Sa voix avait une âpreté singulière, et Gerty vit trembler la main qu’elle tendait pour recevoir la seconde tasse.

— Mais vous avez l’air si fatiguée !… Je suis sûre que vous êtes malade.

Miss Bart posa la tasse avec un sursaut :

— Ai-je l’air malade ? Ma figure le dit-elle ?

Elle se leva et marcha rapidement vers le petit miroir placé au-dessus de la table à écrire.

— Quelle horrible glace !… elle est toute tachée et décolorée… N’importe qui, là dedans, serait blême !

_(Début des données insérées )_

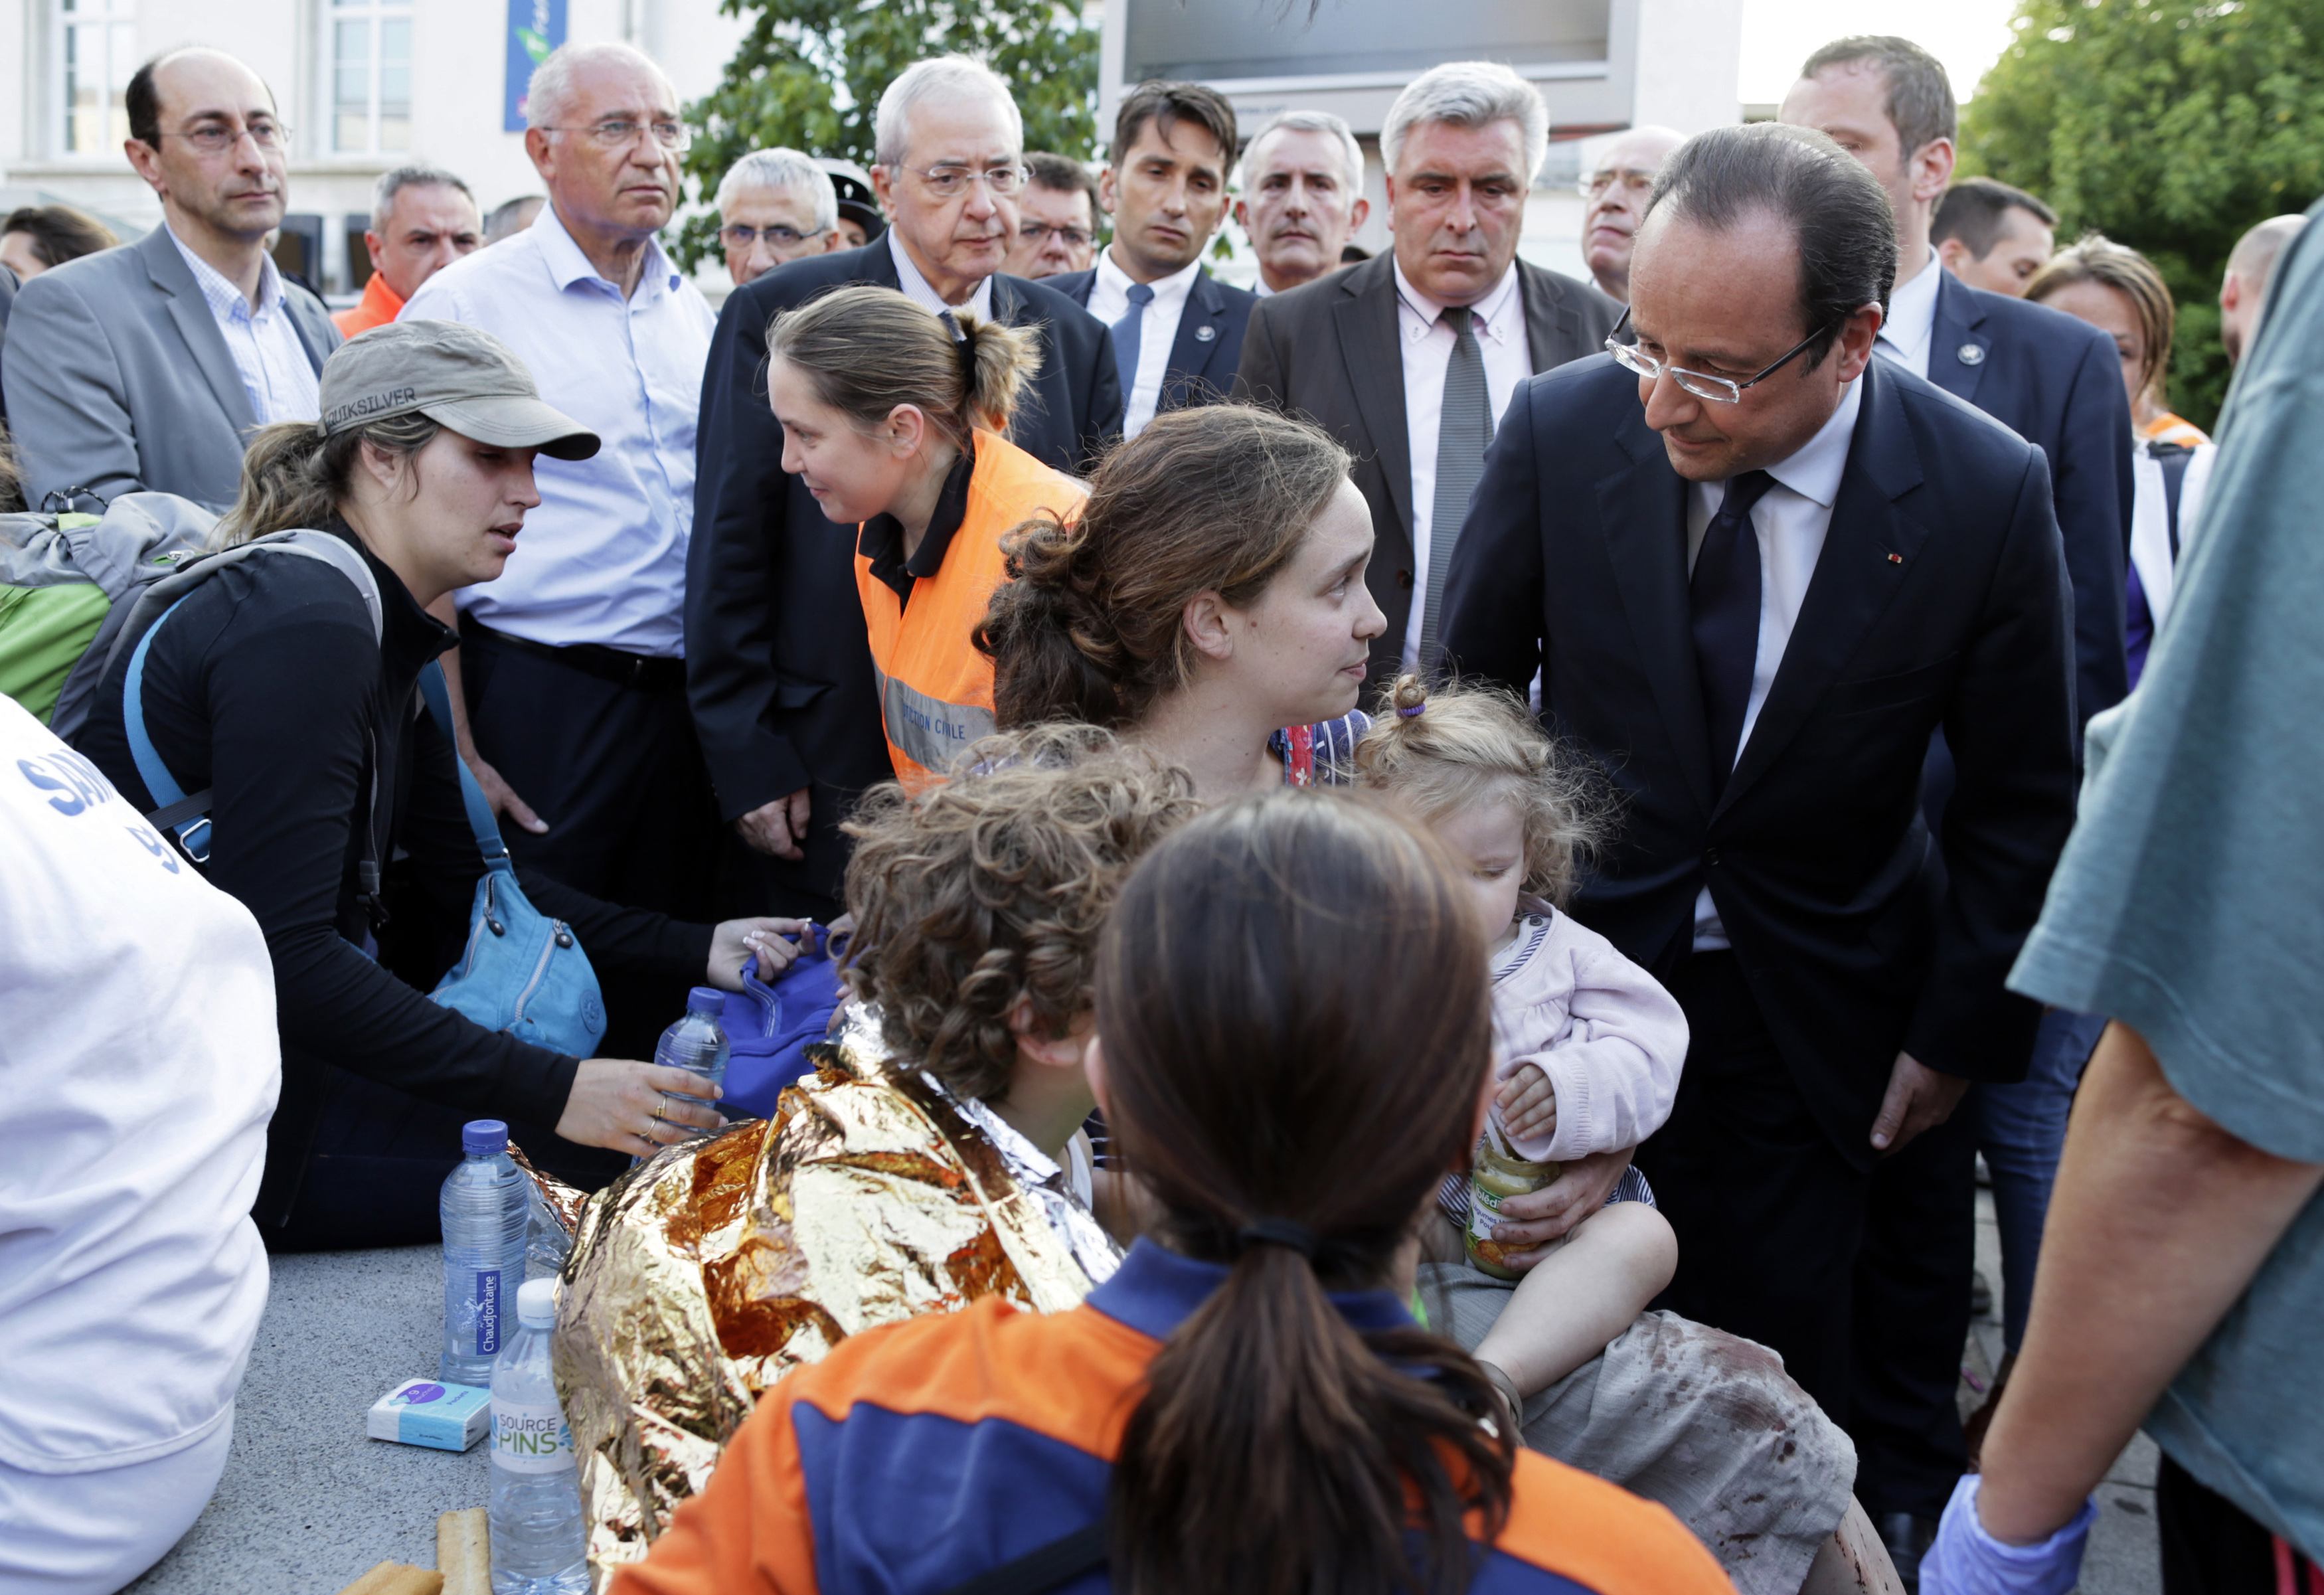 Σοκαρισμένος με την τραγωδία δήλωσε ο Φρανσουά Ολάντ ΦΩΤΟ REUTERS
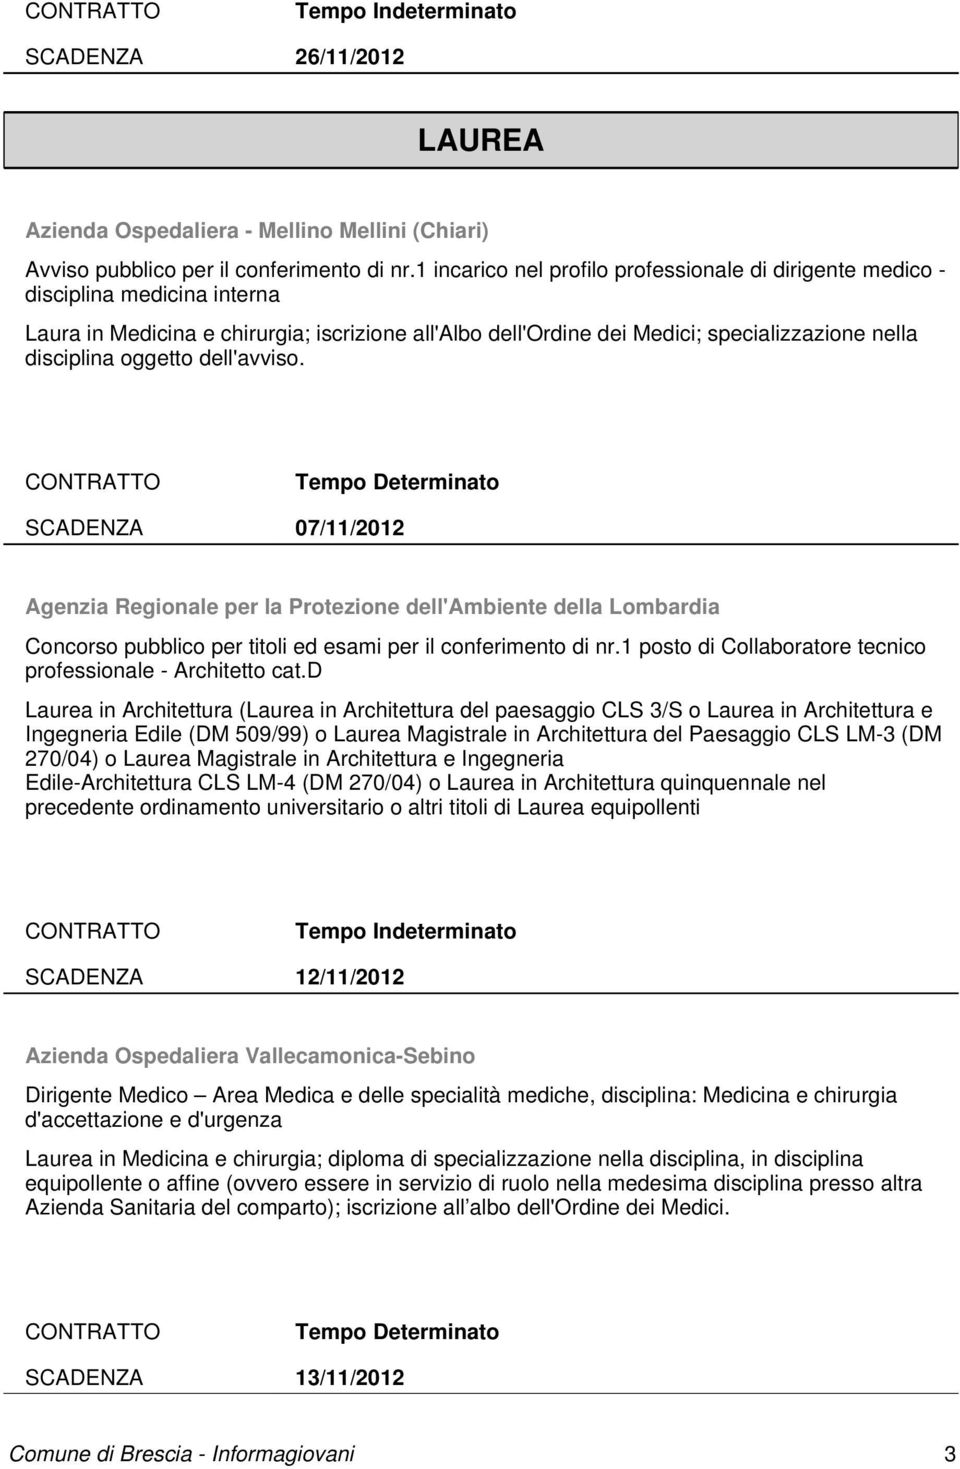 oggetto dell'avviso. SCADENZA 07/11/2012 Agenzia Regionale per la Protezione dell'ambiente della Lombardia Concorso pubblico per titoli ed esami per il conferimento di nr.

Elle se retourna, fixant des yeux plaintifs sur Gerty :

— Chérie, stupide chérie, pourquoi me dites-vous des choses aussi odieuses ?… C’est de quoi rendre quelqu’un malade que de lui déclarer qu’il en a l’air !… Et malade, cela veut dire laide.

Elle saisit les poignets de Gerty, et l’entraîna tout près de la fenêtre :

— Après tout, j’aime mieux savoir la vérité. Regardez-moi bien en face, Gerty, et répondez-moi : suis-je à faire peur ?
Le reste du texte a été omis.